• **Problem statement**
The entire listing, reproduced exactly and stripped of images, is the expected output.

• **Raw data**
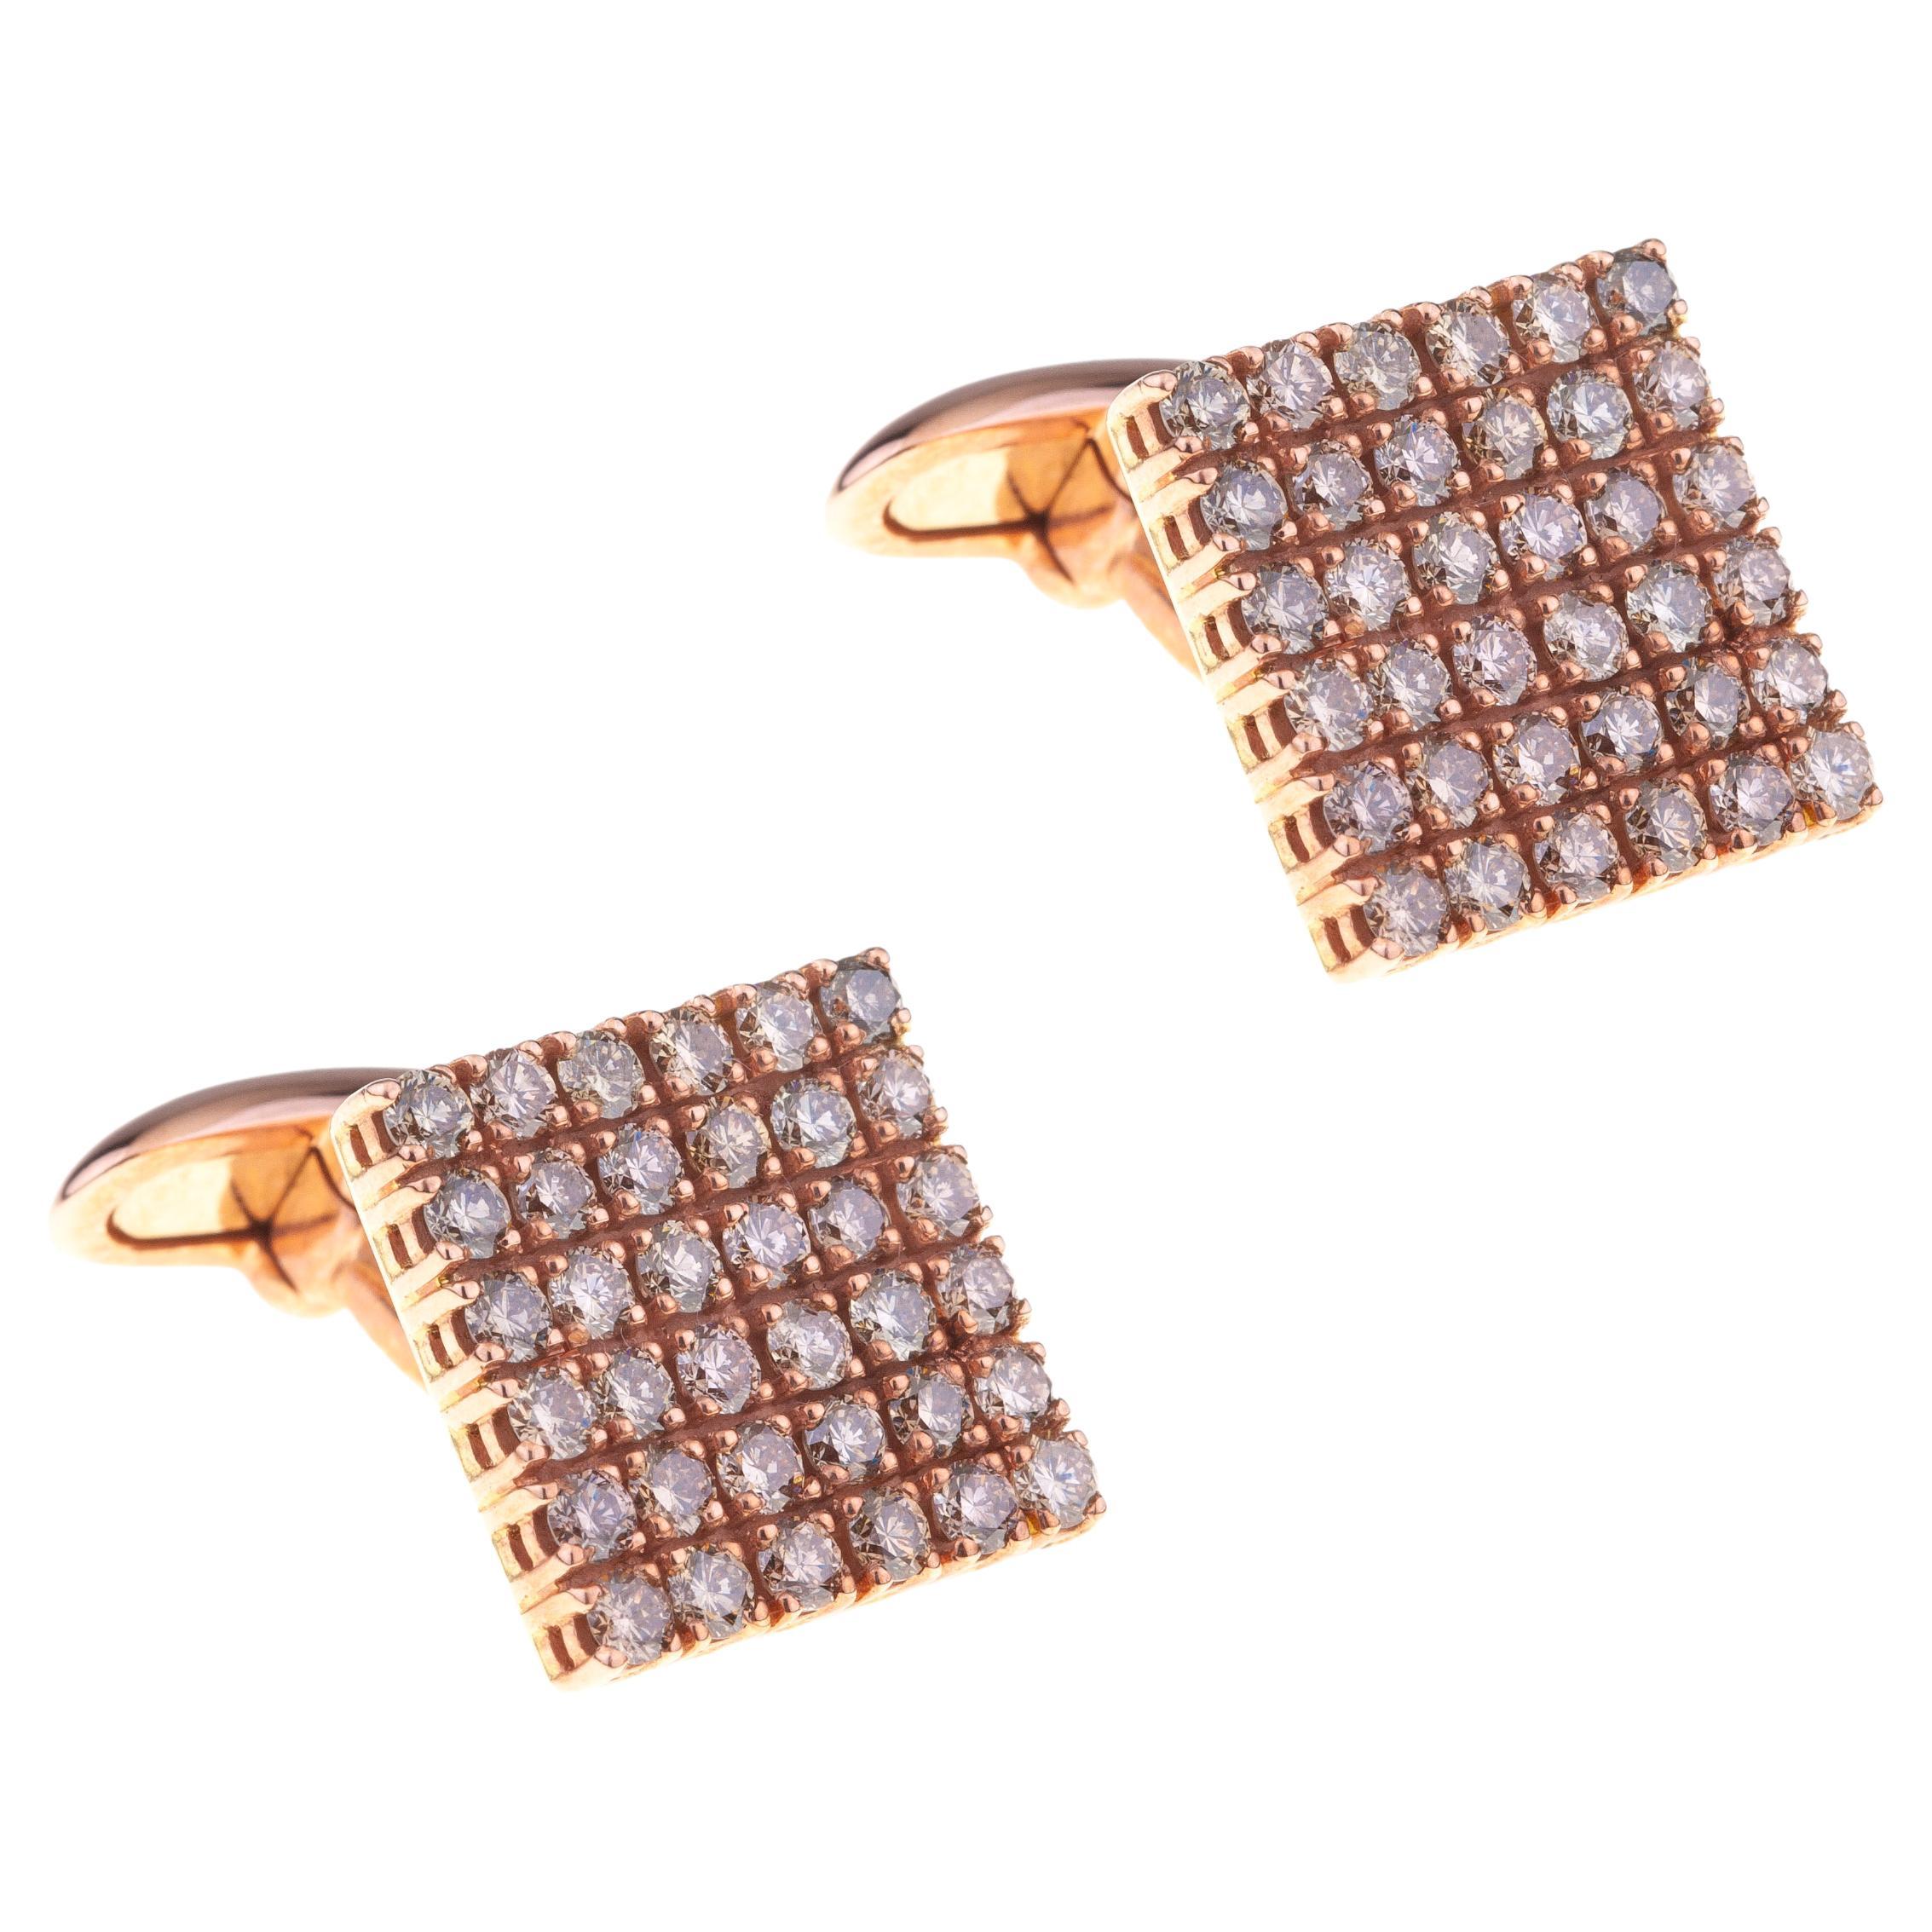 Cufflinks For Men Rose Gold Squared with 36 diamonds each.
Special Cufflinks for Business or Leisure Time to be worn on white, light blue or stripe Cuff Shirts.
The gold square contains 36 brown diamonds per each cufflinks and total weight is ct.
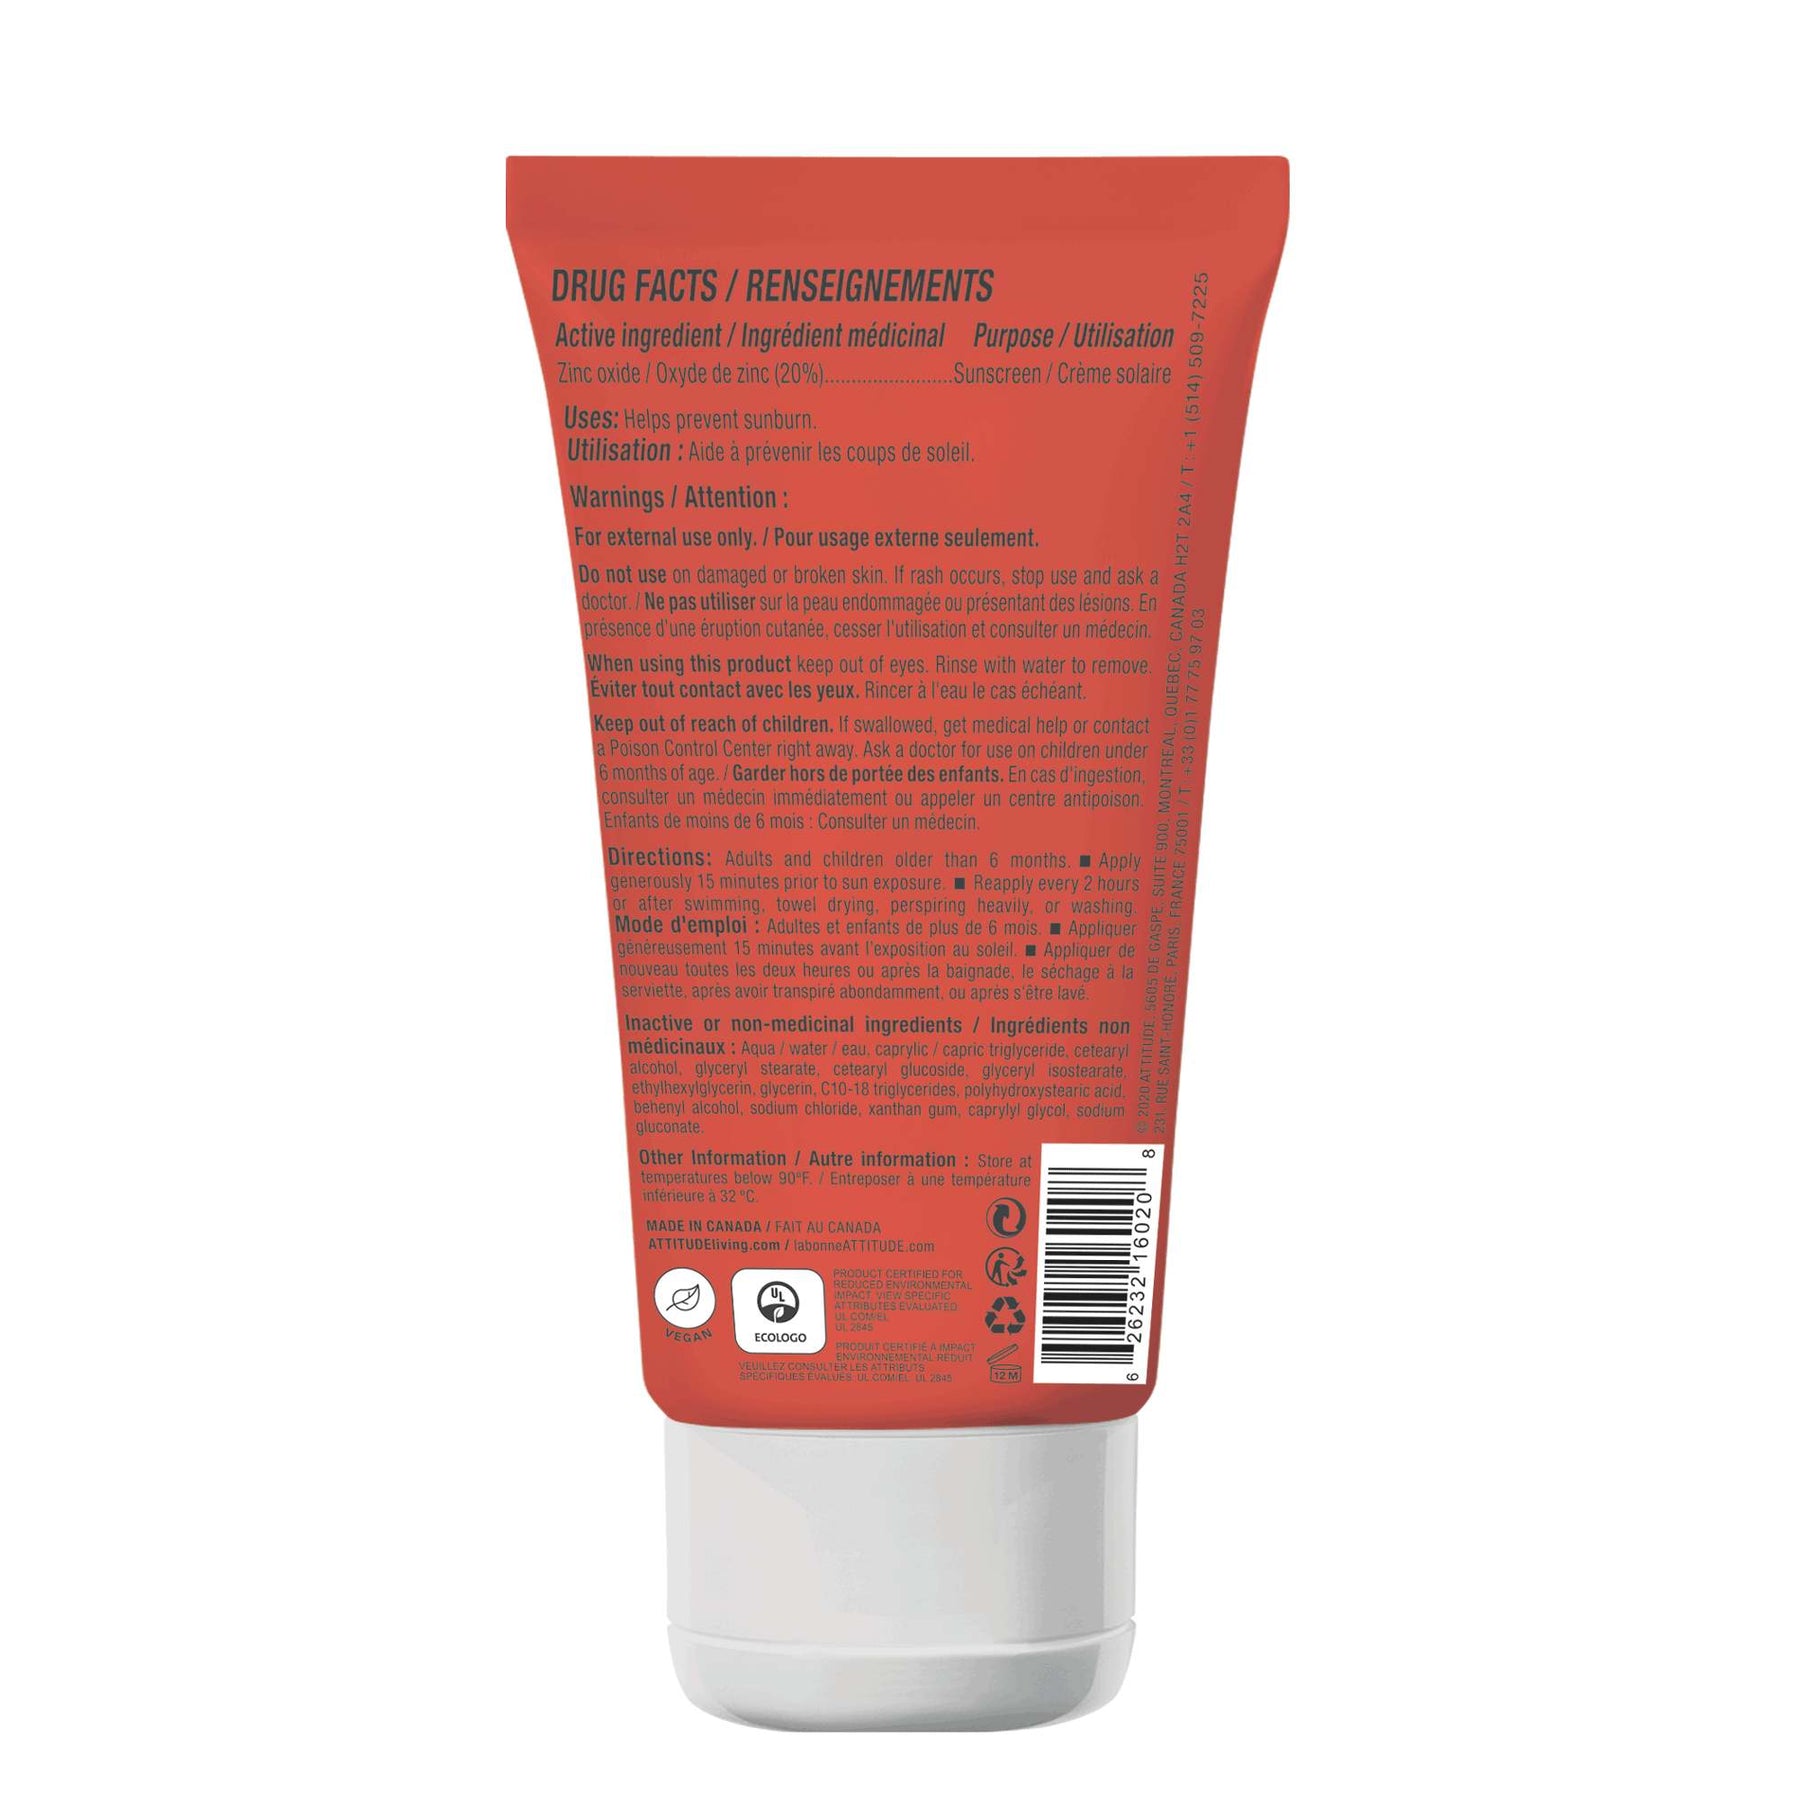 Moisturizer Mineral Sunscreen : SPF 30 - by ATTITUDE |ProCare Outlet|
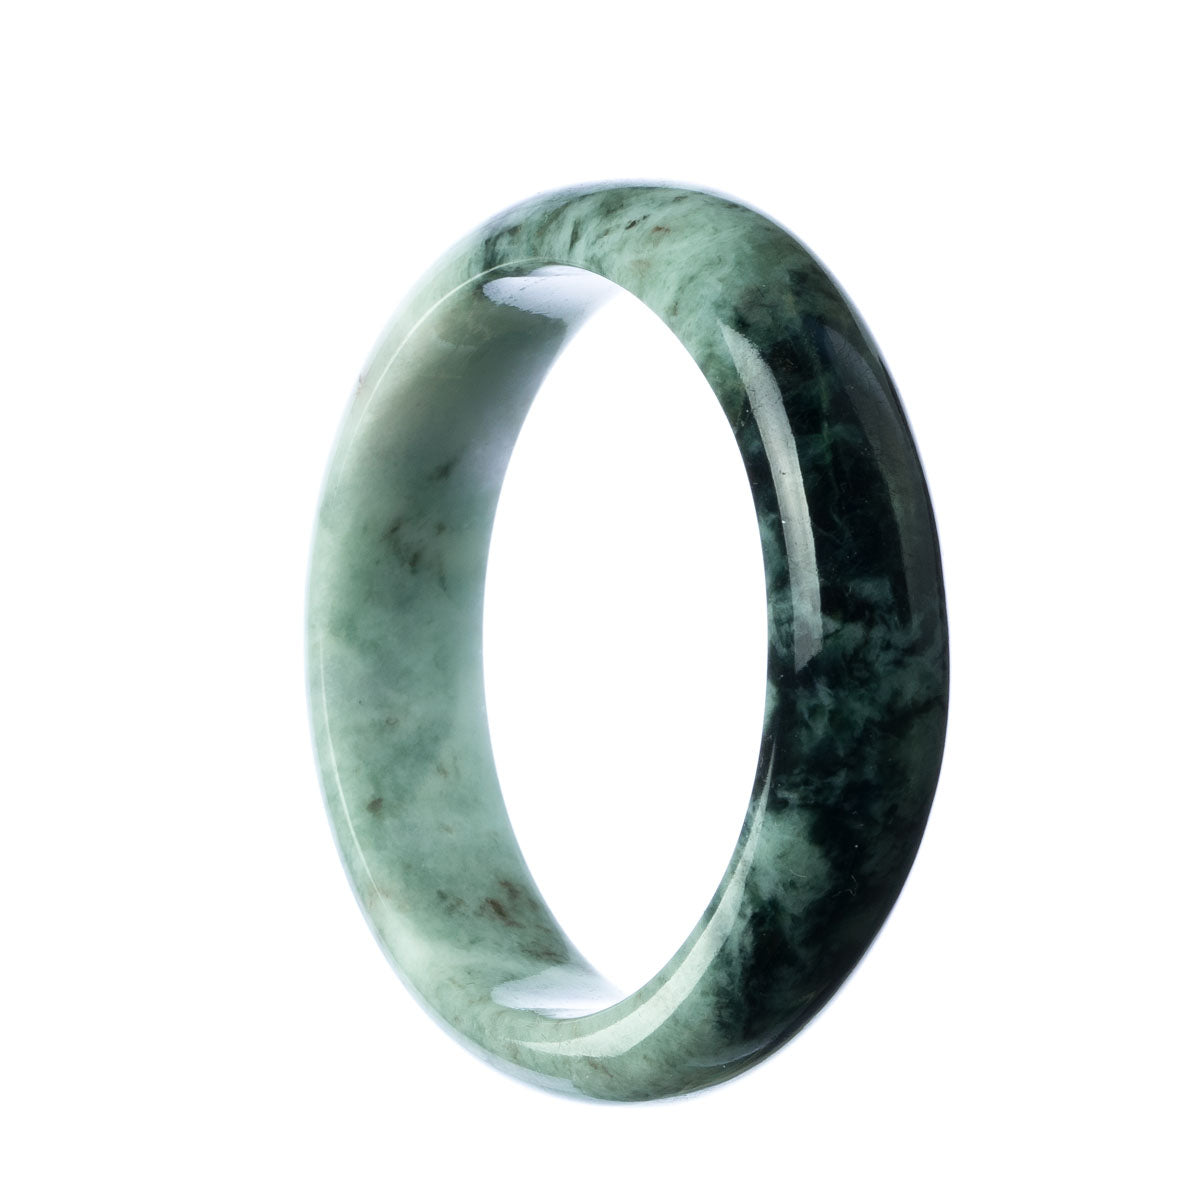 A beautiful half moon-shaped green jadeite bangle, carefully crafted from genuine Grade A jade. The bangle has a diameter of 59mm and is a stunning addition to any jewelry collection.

• **Your response**
 Cufflinks For Men Rose Gold Squared with 36 diamonds each.
Special Cufflinks for Business or Leisure Time to be worn on white, light blue or stripe Cuff Shirts.
The gold square contains 36 brown diamonds per each cufflinks and total weight is ct.
 Moisturizer Mineral Sunscreen : SPF 30 - by ATTITUDE |ProCare Outlet|
 A beautiful half moon-shaped green jadeite bangle, carefully crafted from genuine Grade A jade. The bangle has a diameter of 59mm and is a stunning addition to any jewelry collection.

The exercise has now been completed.